And finally, something that makes Materialized View unique from both Cache and Scheduled Queries:

  • Whether Materialized View has been refreshed or not — your query against it will always return the latest data. BigQuery leverages precomputed results from materialized views and, whenever possible, reads only delta changes from the base tables to compute up-to-date results. So, in contract with Scheduled Queries, Materialized View always delivers refreshed data, and, in contact with Cache, even if data in Materialized View is not the latest — BigQuery would still try to utilize it as much as possible (reducing the cost compared to just querying original table directly).

And I also mentioned Indexes. That is because BigQuery also supports Smart tuning. BigQuery automatically rewrites queries to use materialized views whenever possible. Automatic rewriting improves query performance and cost, and does not change query results.

In other words, you can query against Materialized View directly (like you would do with logical views or a scheduled query approach) OR query an original table and benefit from the automatic speed and cost improvements in case BigQuery decides to use Materialized View instead (a lot like OLTP DBMS systems would use indexes to speed up query execution).

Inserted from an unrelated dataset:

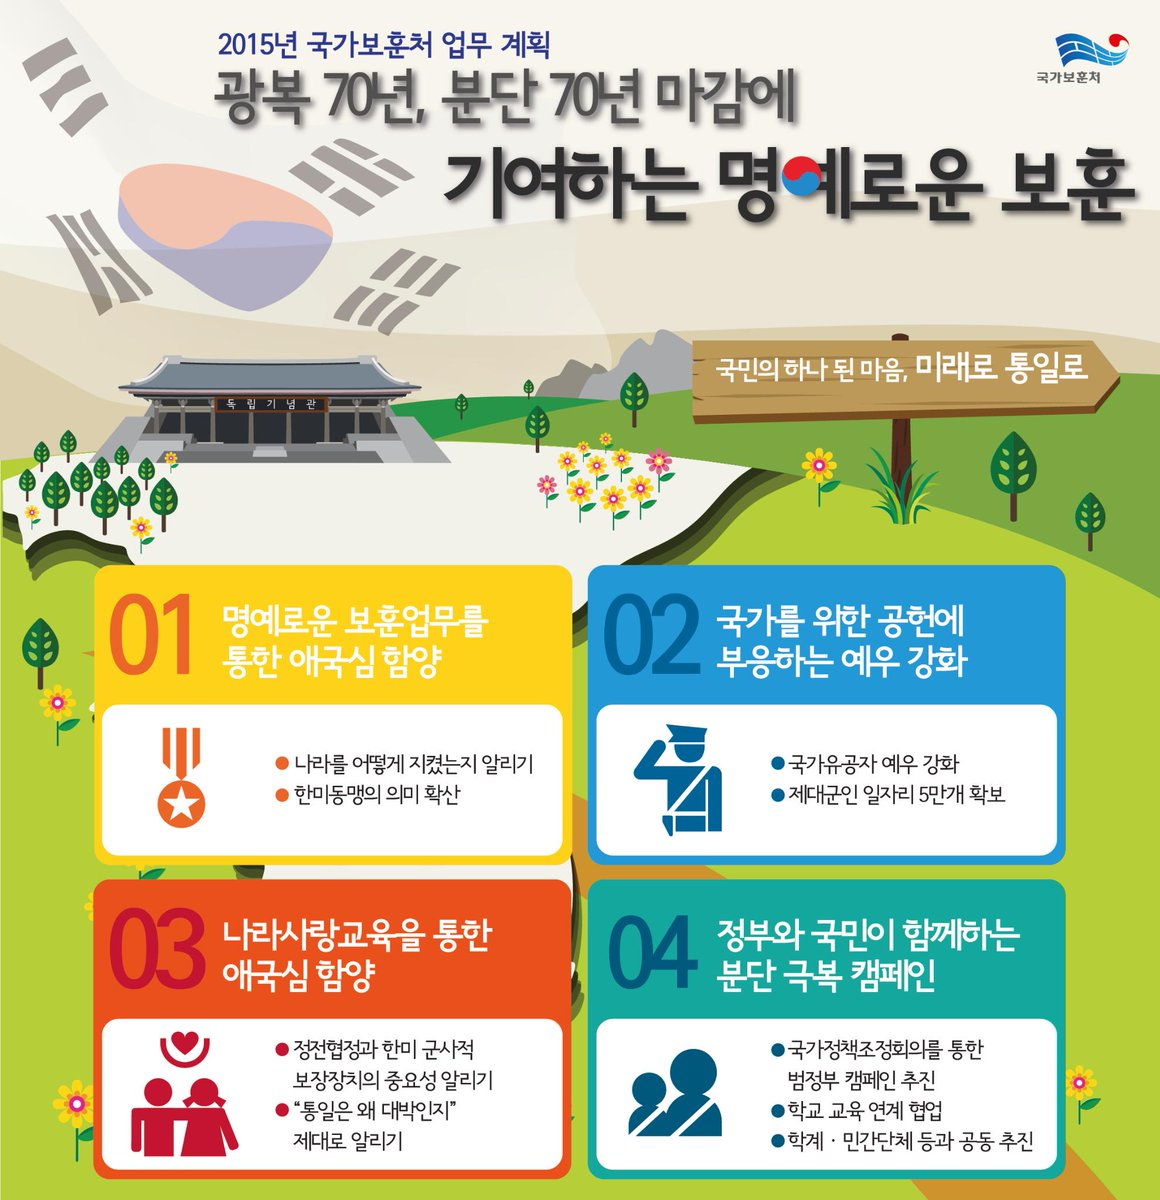 [RT이벤트]2015년 국가보훈처는 광복70년, 분단70년 마감에 기여하는 명예로운 보훈을 위해 최선을 다하겠습니다!(~2.11) http://t.co/Knrex1Bpmk #2015명예로운보훈인포 http://t.co/KdkslAXIVZ

Ok, so what about the cost? First of all, opposite to cache, it is not free. Like in the case of the Scheduled Queries approach, you have to pay for additional storage and cover maintenance costs. But, this cost should be lower because of avoiding “empty” refreshes and incremental updates.

As for query cost, it is less predictable than in the Scheduled Queries approach since your query execution may require processing data from the original table, and it is kind of hard to predict when and how much it would need. But you avoid data staleness for that.

And you have additional control for balancing staleness (data freshness) and cost: max_staleness option (in Preview currently). The max_staleness materialized view option helps you achieve consistently high performance with controlled costs when processing large, frequently changing datasets. When you query materialized views with max_staleness, BigQuery returns data consistent with the result of a materialized view query that was run within the max_staleness interval.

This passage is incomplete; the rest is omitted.